El interpelado vacila un tanto; rehúye la respuesta contundente:
—Todo contará, aunque nunca ha habido tantos seres humanos en el mundo, ni se han consumido tantos recursos, ni se ha influido tanto sobre el medio como en nuestros días: es decir, nunca antes los seres humanos habían tenido la posibilidad de cambiar el medio radical, irreversible y globalmente: ahora la tenemos y la estamos usando, probablemente para mal.
—¿Mal para el mundo?
—Mal para nosotros. La tierra no nos necesita: si desapareciéramos, el mundo iría recomponiendo sus equilibrios sin echarnos de menos.
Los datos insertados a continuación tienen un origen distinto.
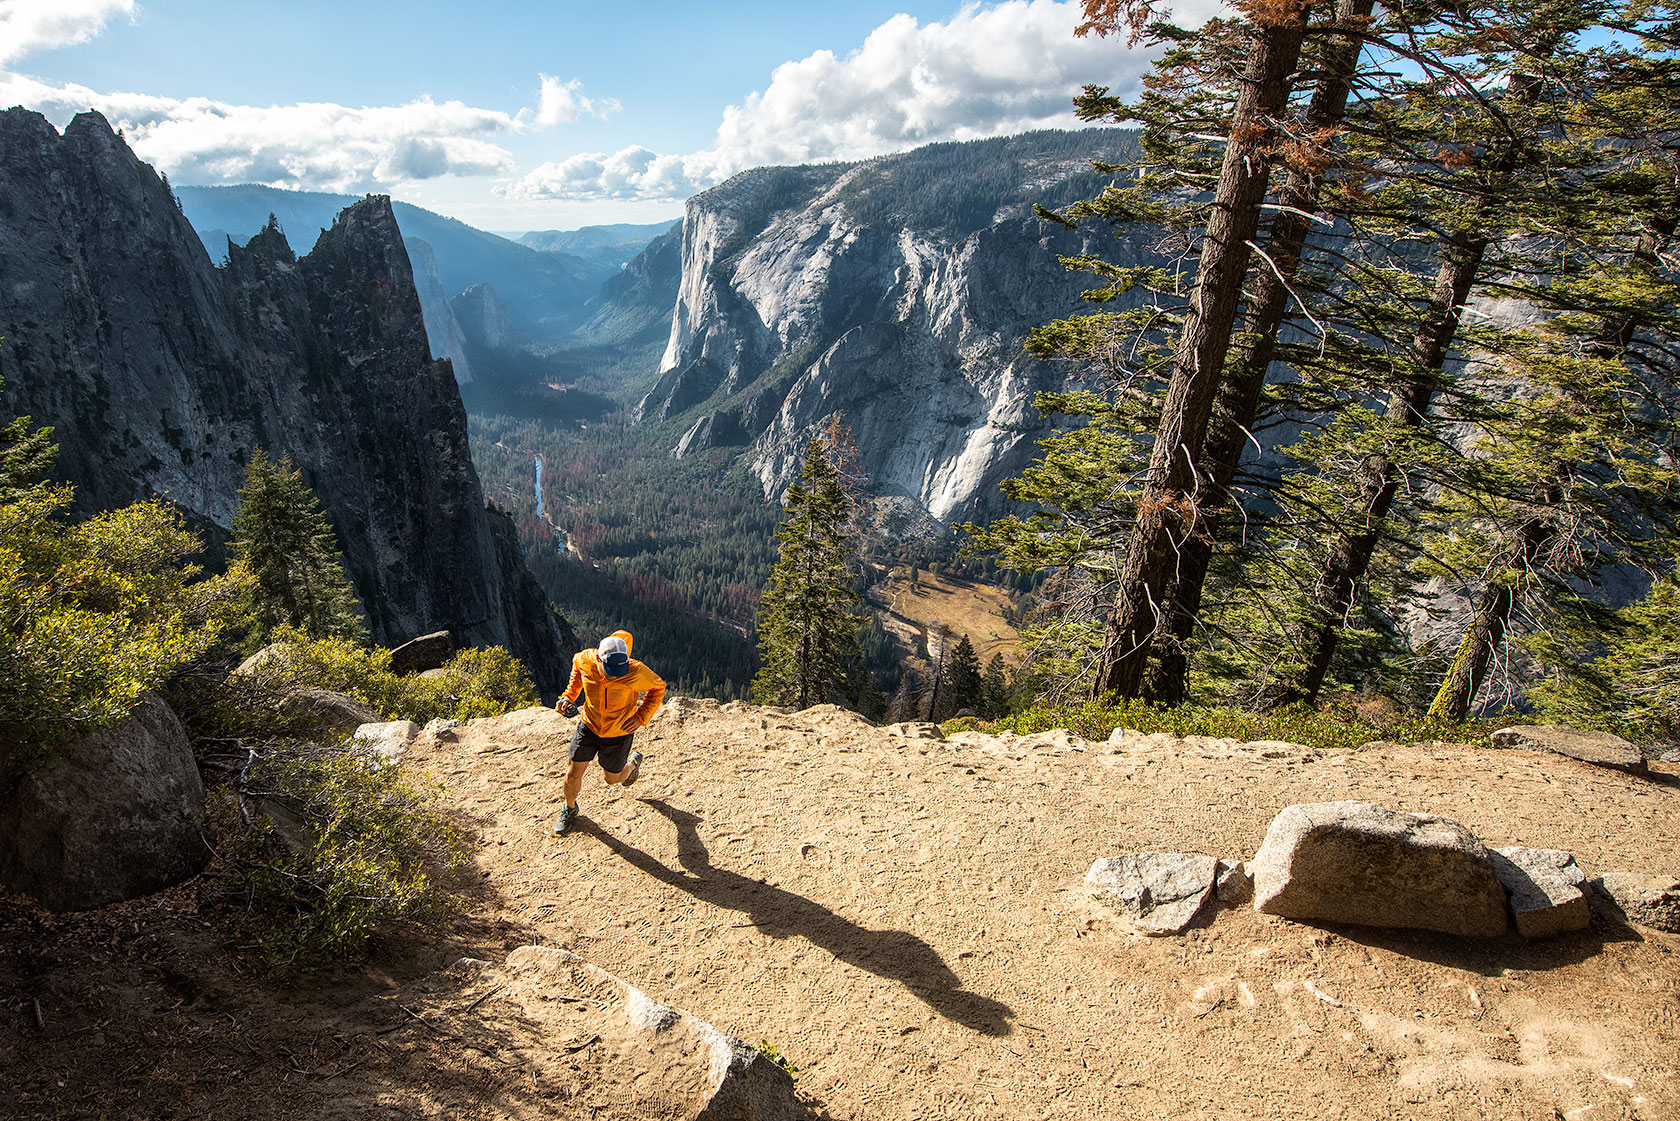 austin-trigg-yosemite-national-park-trail-Running-four-4-Mile-Trail-california-valley-adventure-afternnon-run.jpg
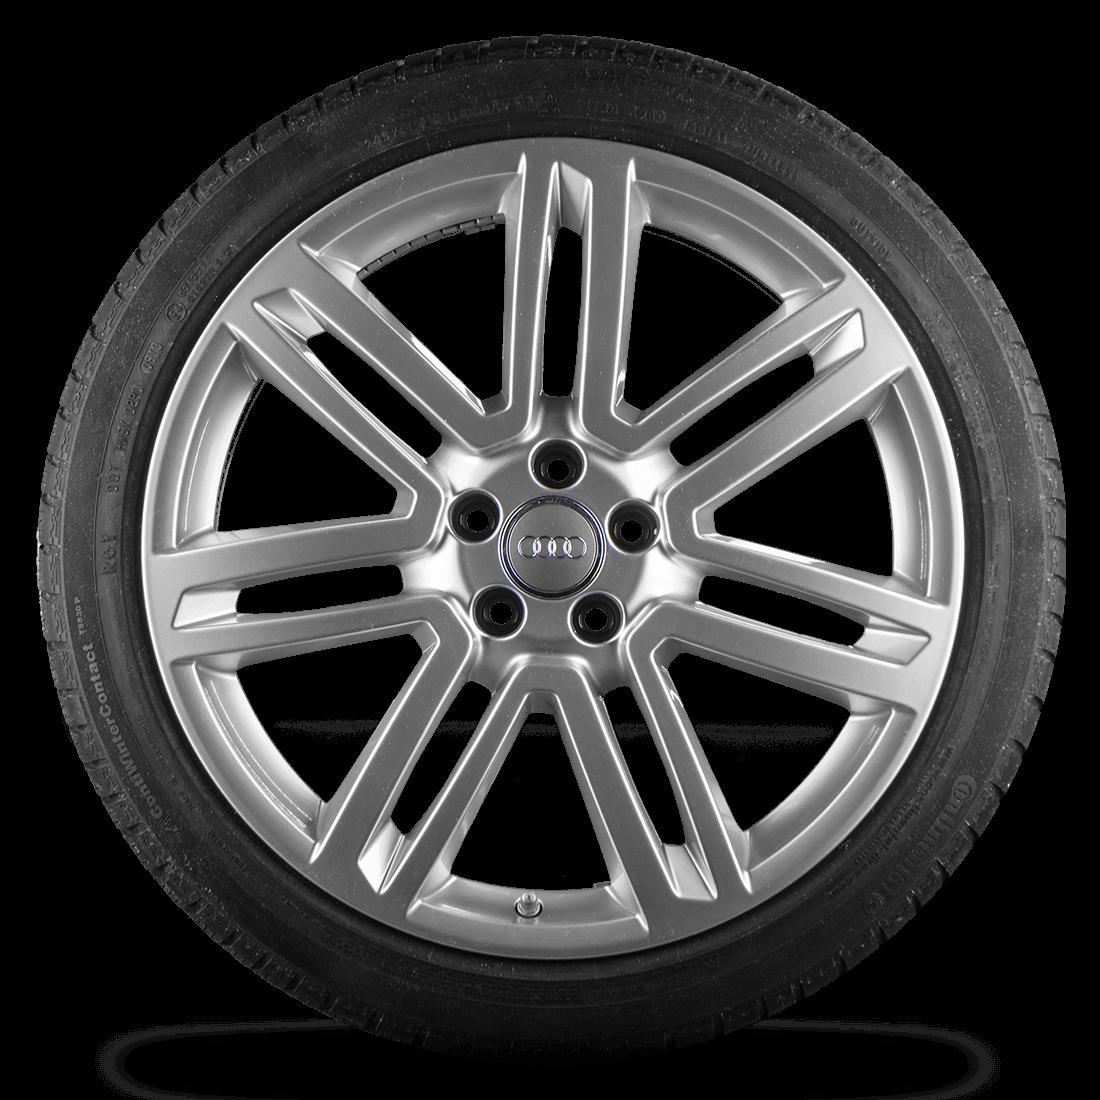 Audi RS6 4G 20 Zoll Winterräder S line Winterreifen Alufelgen Felgen 4G0601025AS

Nosotros, obviamente, sí necesitamos el mundo: es nuestra casa; pero estamos haciendo todo lo posible por volverla inhabitable.
—Exageras.
Don Juan ha permanecido callado todo este rato, aparentemente desentendido; en realidad, bien atento. Dice:
—No es malo exagerar los peligros si se incita con ello a evitarlos. Saben ustedes que no me gustan los predicadores de catástrofes, porque quienes predican catástrofes a menudo quieren vendernos alguna panacea que nos llevará al paraíso. Saben ustedes también que no hay panaceas ni paraísos. Ahora bien: sí hay males grandes o chicos, y cabe buscarles remedios, que, claro está, nunca serán definitivos.
—¿El clima es el peligro más grave? ¿No ha estado sometido a vaivenes desde siempre? ¿No ha habido glaciaciones y óptimos climáticos, por ejemplo?
—Sí. Pero los seres humanos poco podían hacer al respecto: aprovechar los tiempos de bonanza, y huir a sitios más hospitalarios cuando venían mal dadas. Nuestros antepasados, por su parte, han esquilmado y vuelto inhabitables ciertas zonas del mundo a los largo de la historia: una desgracia, pero siempre podían marcharse. Ahora peligra el mundo entero; o sea, peligra la humanidad. Y no hay más sitio adonde ir.
—Exagera usted también.
—Aposta.
—¿Qué cabe hacer?
—Lo que se pueda. Y los que entienden creen que se puede hacer bastante. Pero, por resumir, cabe abrazar el ecologismo no como religión, sino como mero egoísmo de especie, o sea, por interés.
—¿Queda tiempo?
—Según para qué. Para el mundo todo; para la especie también; para esta forma de civilización, menos.
—Es usted pesimista.
—Todo lo contrario; a la humanidad le pasa como a las tradiciones: cambia y sobrevive. Pero, eso sí, se puede sobrevivir mejor o peor…
La frase de don Juan  queda flotando sobre la tertulia ominosamente. Vuelvo a casa sin abrigo. Definitivamente, antes hacía más frío.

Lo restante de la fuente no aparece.